Sample Size Estimation
If the margin of error and confidence level are specified in advance, then we must determine the sample size needed to meet those specifications. To find the formula for the required sample, we solve the margin-of-error formula, E = z_{α/2} · σ/√n, for n. See the computing formula in Formula 8.2.
Computing the Confidence-Interval for One Population Mean (σ unknown)
So far, we have discussed how to obtain the confidence-interval estimate when the population standard deviation, σ, is known. What if, as is usual in practice, the population standard deviation is unknown? Then we cannot base our confidence-interval procedure on the standardized version of x(bar). The best we can do is estimate the population standard deviation, σ, by the sample standard deviation, s; in other words, we replace σ by s in Procedure 8.1 and base our confidence-interval procedure on the resulting variable t (studentized version of x(bar)). Unlike the standardize version, the studentized version of x(bar) does not have a normal distribution.
Suppose that a variable x of population is normally distributed with mean μ. Then, for samples of size n, the variable t has the t-distribution with n-1 degrees of freedom. A variable with a t-distribution has an associated curve, called a t-curve. Although there is a different t-curve for each number of degrees of freedom, all t-curves are similar and resemble the standard normal cruve. As the number of degrees of freedom becomes larger, t-curves look increasingly like the standard normal curve.
Having discussed t-distributions and t-curves, we can now develop a procedure for obtaining a confidence interval for a population mean when the population standard deviation is unknown. The procedure is called the one-mean t-interval procedure or, when no confusion can arise, simply the t-interval procedure.
Properties and guidelines for use of the t-interval procedure are the same as those for the z-interval procedure. In particular, the t-interval procedure is robust to moderate violations of the normality assumption but, even for large samples, can sometimes be unduly affected by outliers because the sample mean and sample standard deviation are not resistant to outliers.
What If the Assumptions Are Not Satisfied?

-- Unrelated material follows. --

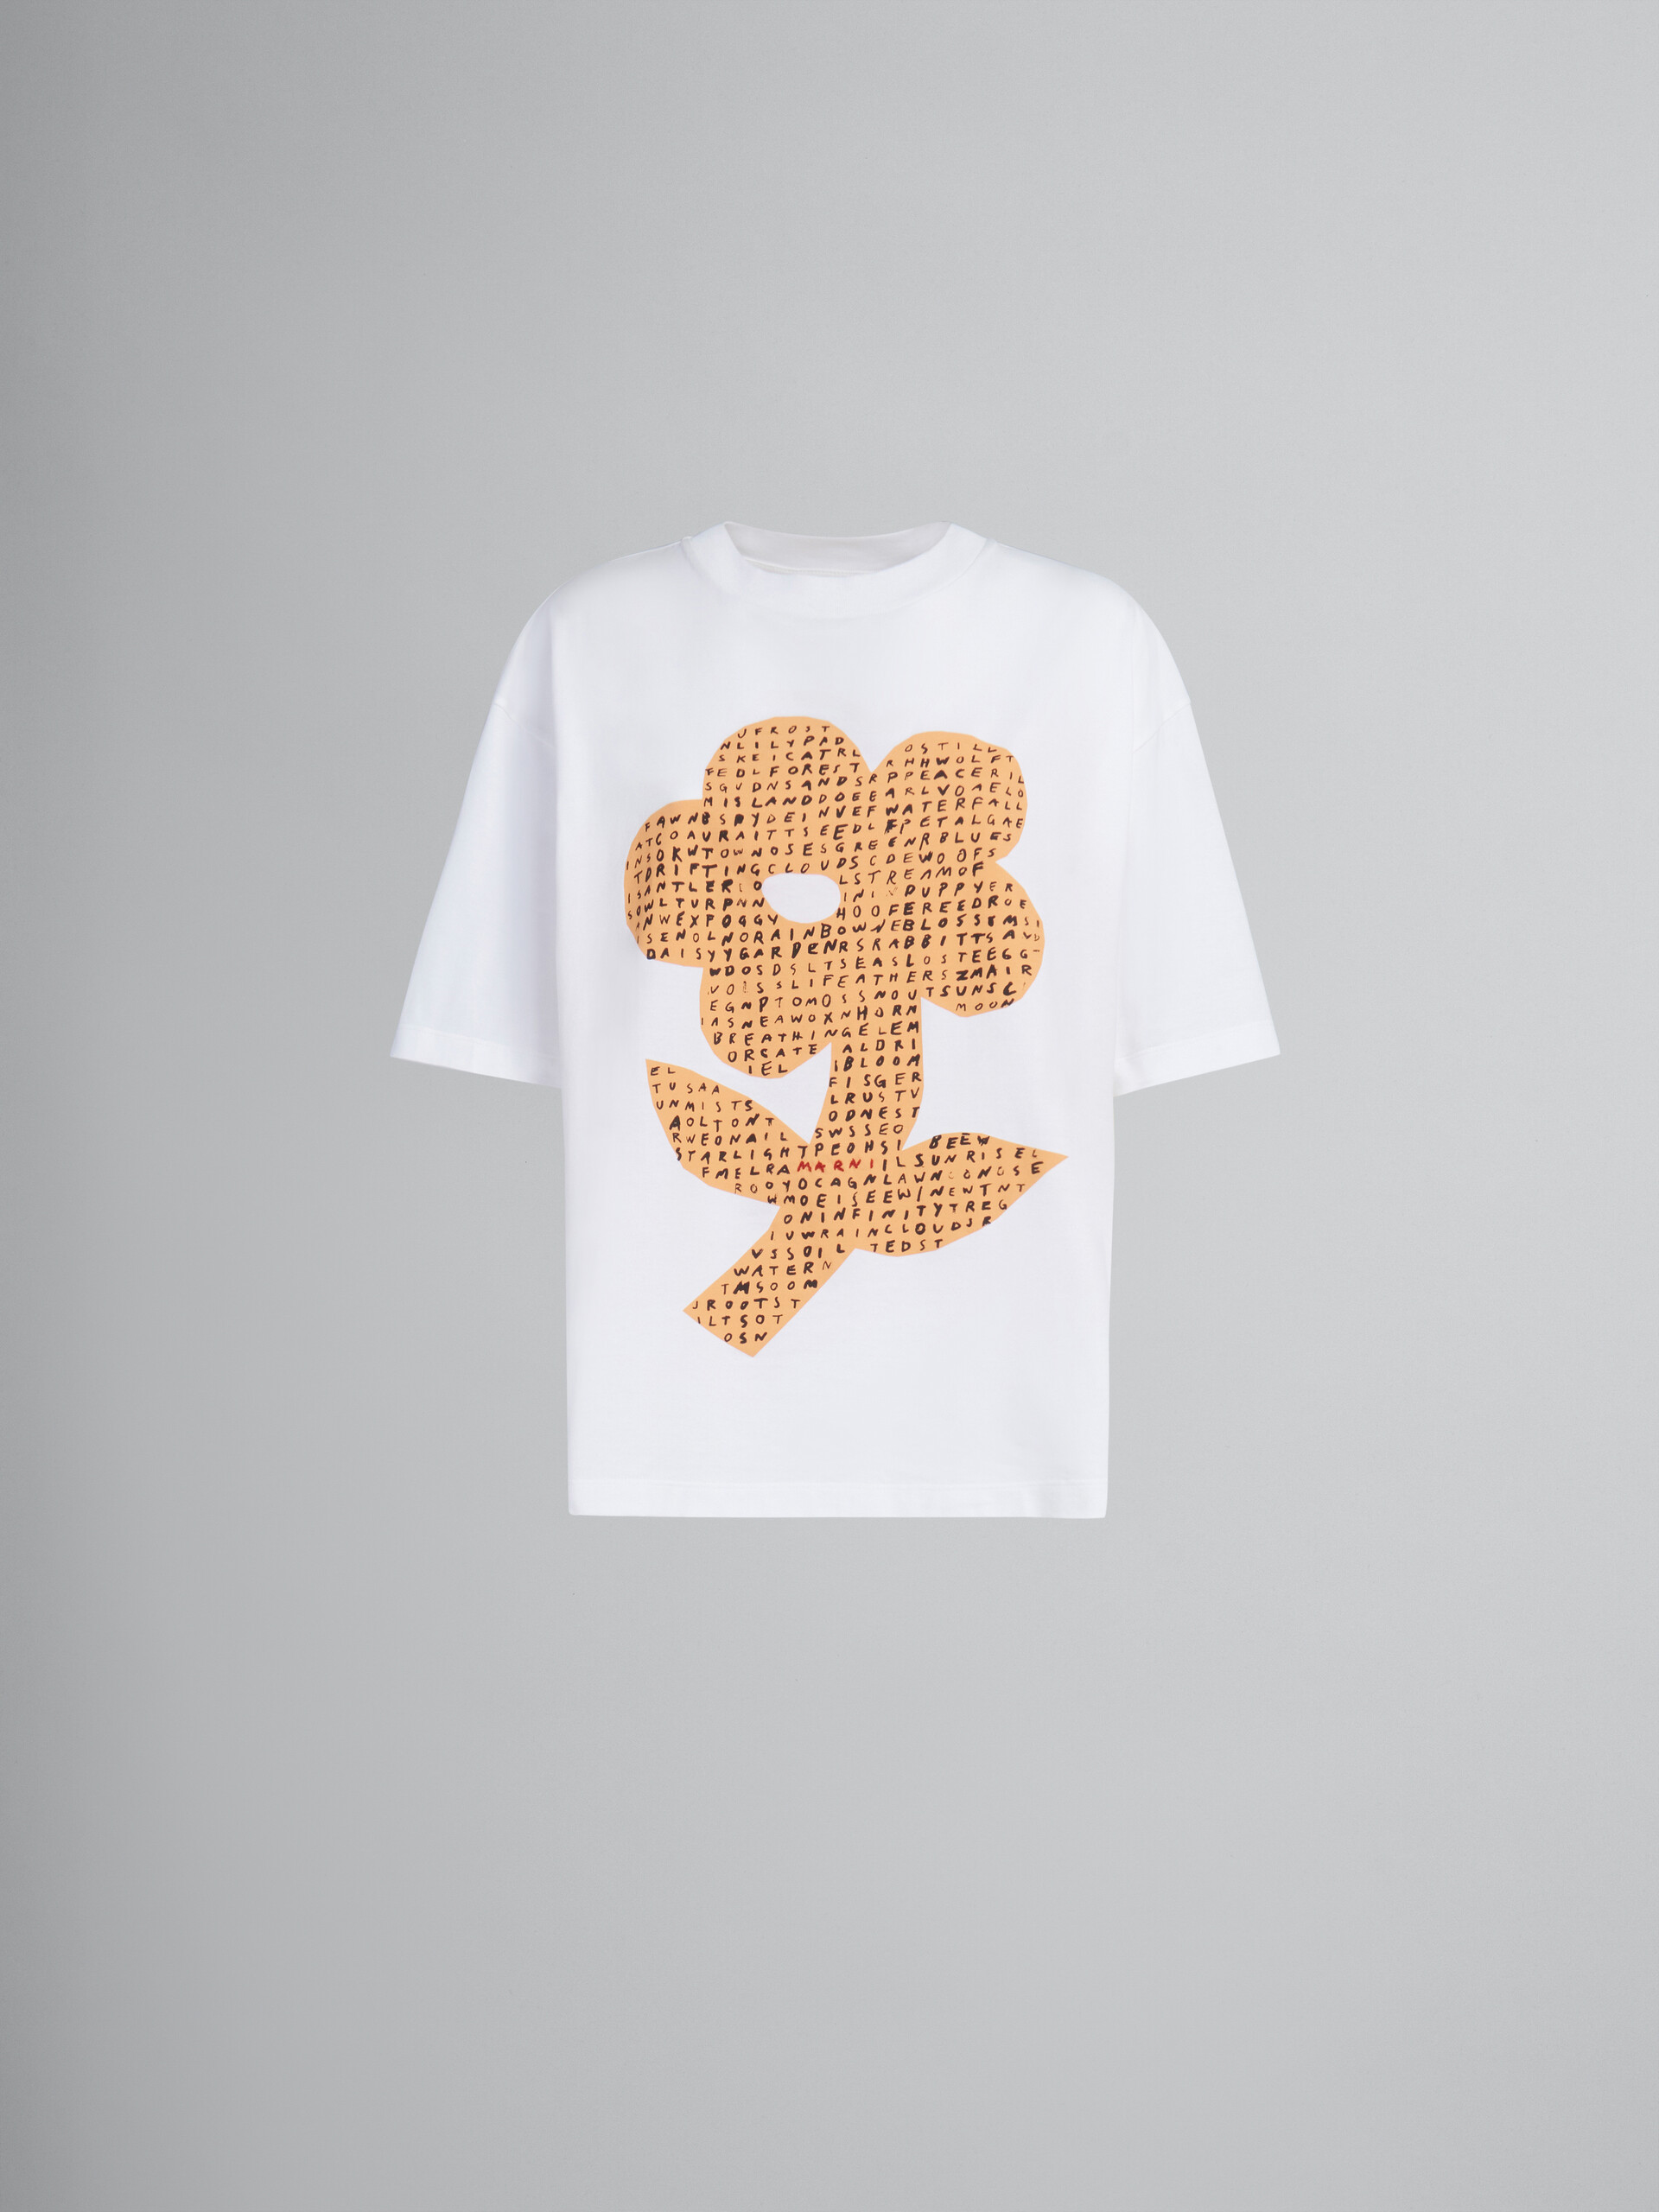 T-shirt en coton biologique blanc avec imprimé fleur et mots mêlés - T-shirts - Image 1

Suppose you want to obtain a confidence interval for a population mean based on a small sample, but preliminary data analyses indicate either the presence of outliers or that the variable under consideration is far from normally distributed. As neither the z-interval procedure nor the t-interval procedure is appropriate, what can you do? Under certain conditions, you can use a nonparametric method. Most nonparametric methods do not require even approximate normality, are resistant to outliers and other extreme values, and can be applied regardless of sample size. However, parametric methods, such as the z-interval and t-interval procedures, tend to give more accurate results than nonparametric methods when the normality assumption and other requirements for their use are met.